Ultimately the deer abattoirs along the highway, or the pest-control experts pulling bats out of attics, are, as one town official in New Jersey said of the bears not long ago, signs of a ‘people problem.’ Beneath it all is a cosmic question: how do Americans plan to live over the long haul? This was reinforced last week when, all over the Northeast, the power went out and millions found themselves suddenly humbled by their sheer reliance on electricity. What was remarkable was that the reaction was much the same as it is, on a smaller scale, to the animals. No talk of changing behavior, of finding a balance. Once the biggest power outage in history had begun, the only concern was for getting the juice back as quickly as possible. There was a faint undercurrent of revoked privilege. Where was the air conditioning, the pizza delivery, the ballgame on TV, all the things once seen as gifts and now assumed as birthrights?

What you saw time and time again was hubris brought low, people accustomed to instant communication without phone service, people accustomed to flying anywhere and at any time grounded at the airport. It was also hubris writ large. Office buildings, designed with windows that will not open, turning into saunas in the August sun. Office systems utterly dependent on computers turning into ghost towns in ghost cities.

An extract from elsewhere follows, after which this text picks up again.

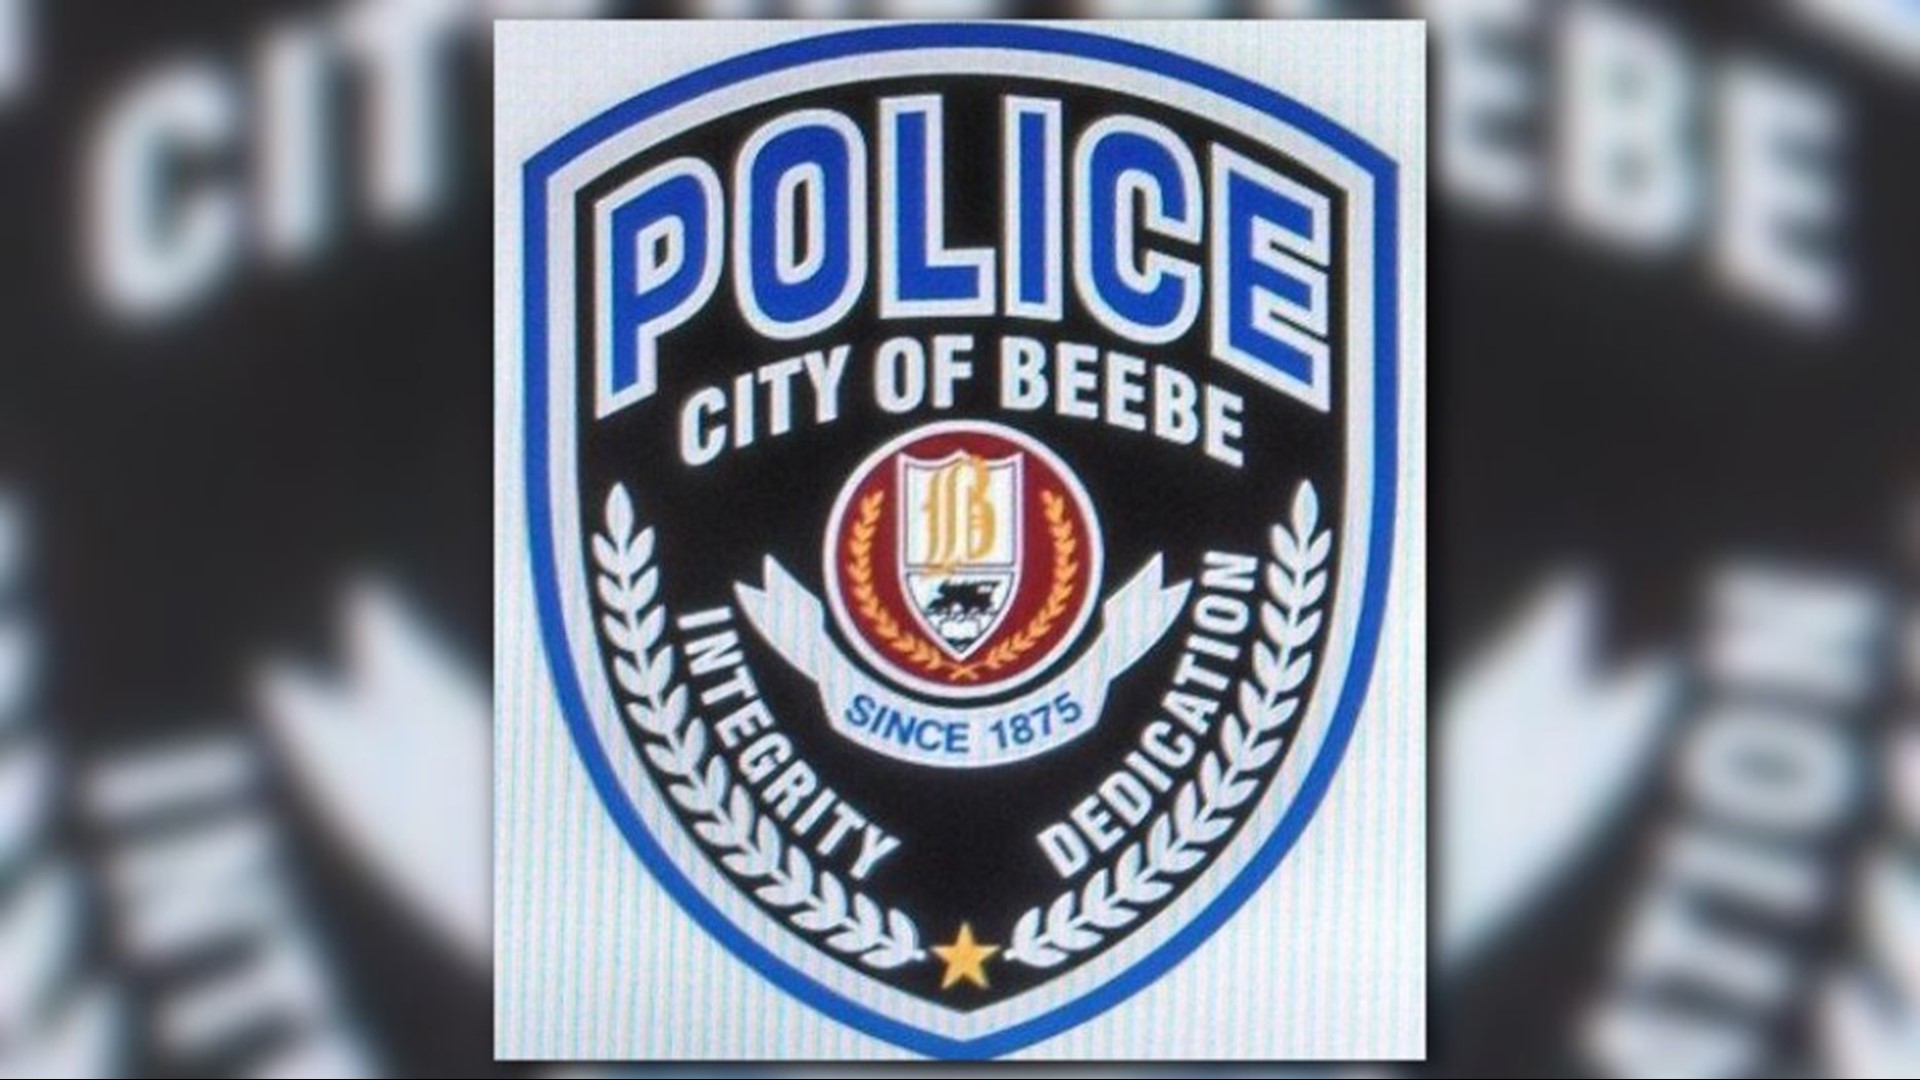 Loud, unknown explosion sound heard in Beebe, police investigate
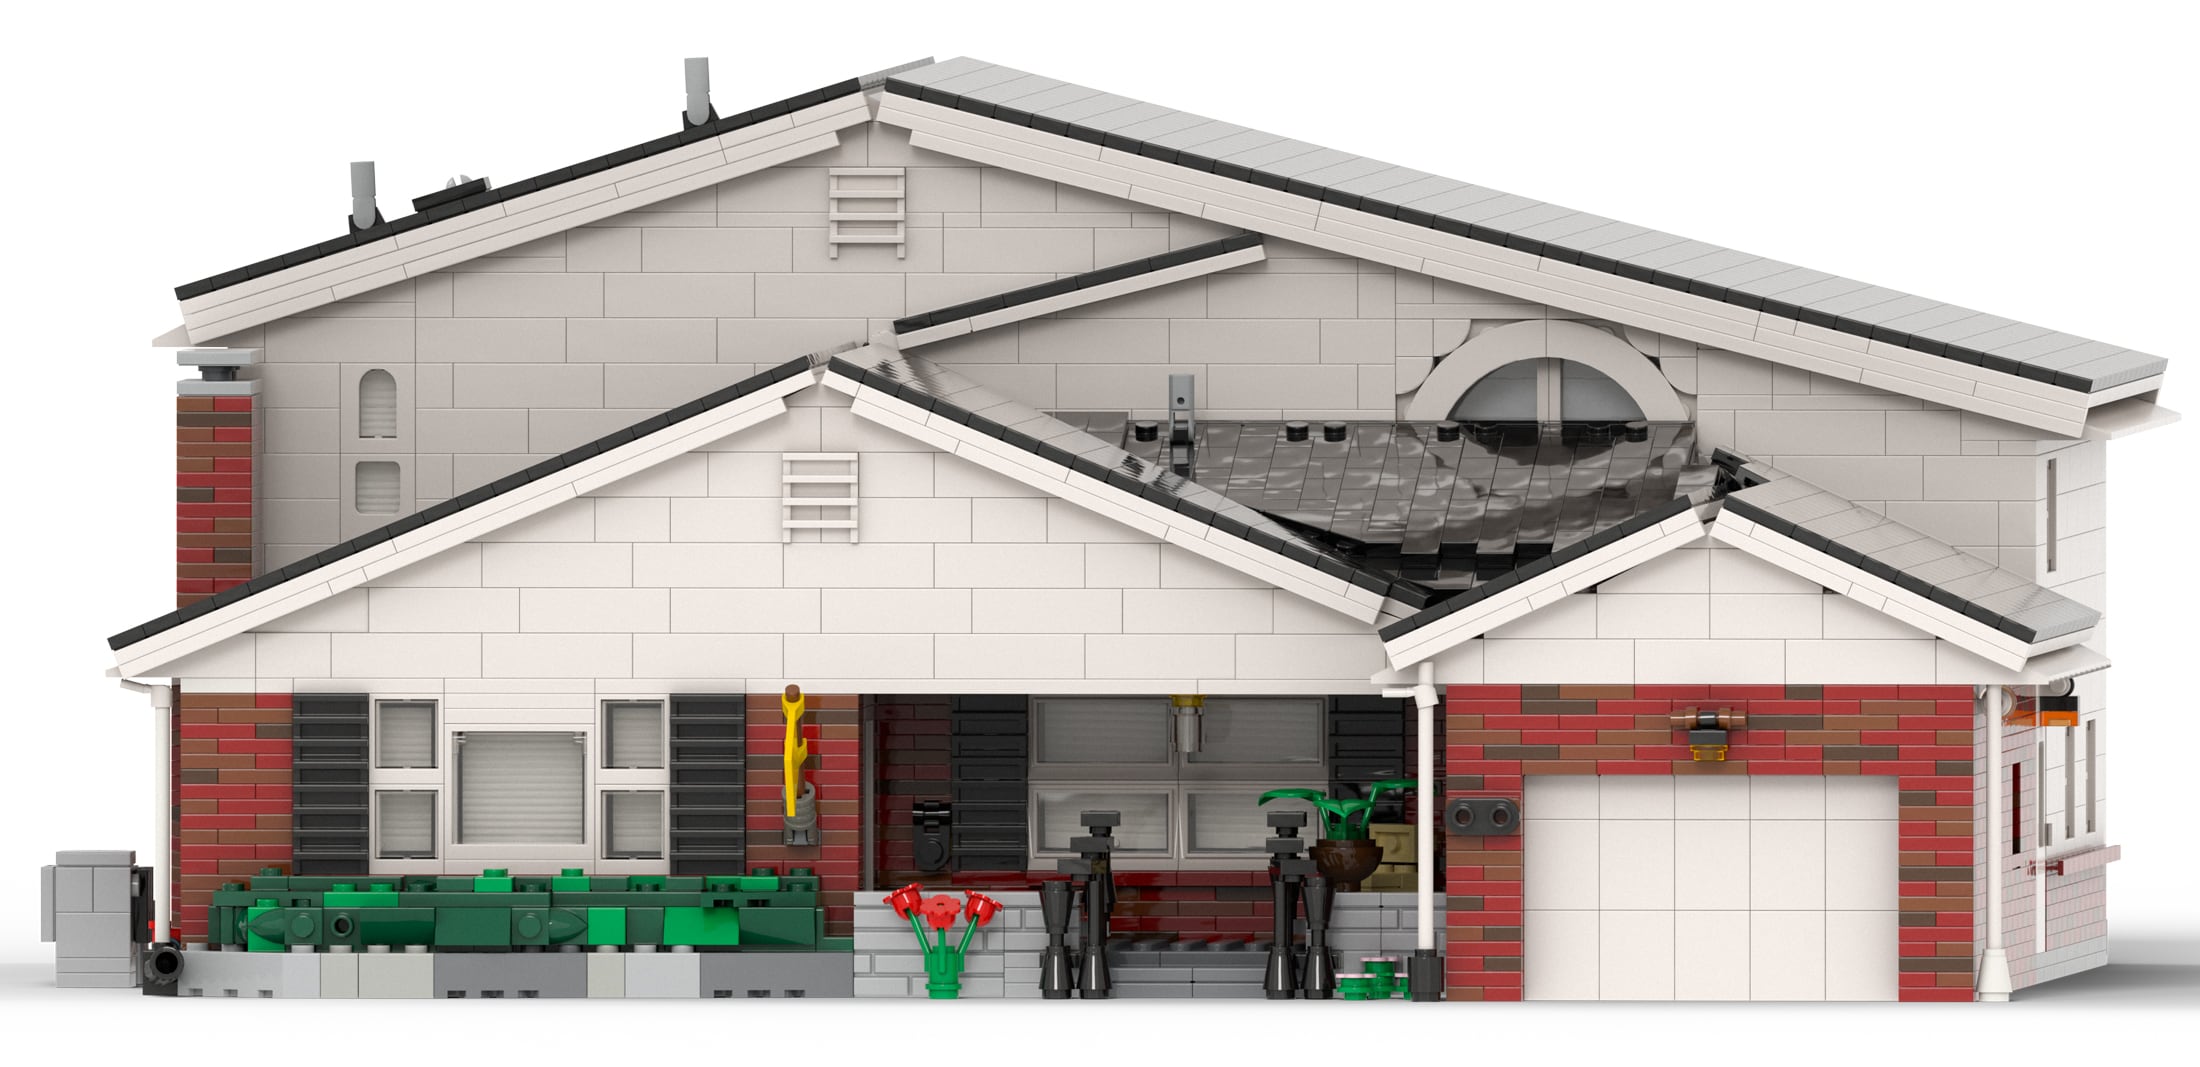 Rendering of a house made of LEGO

Americans have been careless and casual with our natural resources for a long time. Can an accounting be long delayed? You could look at middle-class travelers sleeping like the homeless on the steps of public buildings during the blackout and see a vision of future unnatural disasters. The delivery grid is poorly conceived.

The fail-safe systems must be improved. But not a word about a world so profligate with its power that it uses as much to fuel the advertising glitz of Times Square as it once used to sustain an entire town.

Watch great cities fade to black, look at the unchecked and unsightly over development all around them, and it is hard to imagine this will be a livable country a hundred years from now. The battle between human and animal is merely a reflection of that. Public officials are notoriously leery of the long view, but ordinary people are no better. The great contradiction: all those alleged nature lovers who fall for a forested range, then bring in the bulldozers. According to the National Association of Home Builders, the average American home has doubled in size in the past century. (Its report calls this a Century of Progress. Guess it depends on your definition.) This is not because families are larger. Quite the contrary. The three-car-garage-and-great-room trend–a great room being a living room on steroids–reflects family life that has devolved into individual isolation, everyone with his own TV and computer, centrally cooled to a frosty edge or heedlessly heated.

Irony of ironies, New York City may soon have a greater unbroken stretch of green (Happy 150th Birthday, Central Park!) than the suburbs that once lured its people with the promises of grass and trees. The animals thus become more and more of a nuisance: get out of our way! Occasionally, we are forcibly reminded that human beings have created an environment in which, in some ways, we have less control than ever before; after all, the lack of power is, by definition, powerlessness. Meanwhile New Jersey, the most densely populated state (in case you hadn’t noticed), wants very much to allow the hunting of bears. No one seems to have considered the obvious alternative: instead of issuing hunting permits, call a moratorium on building permits. Permanently.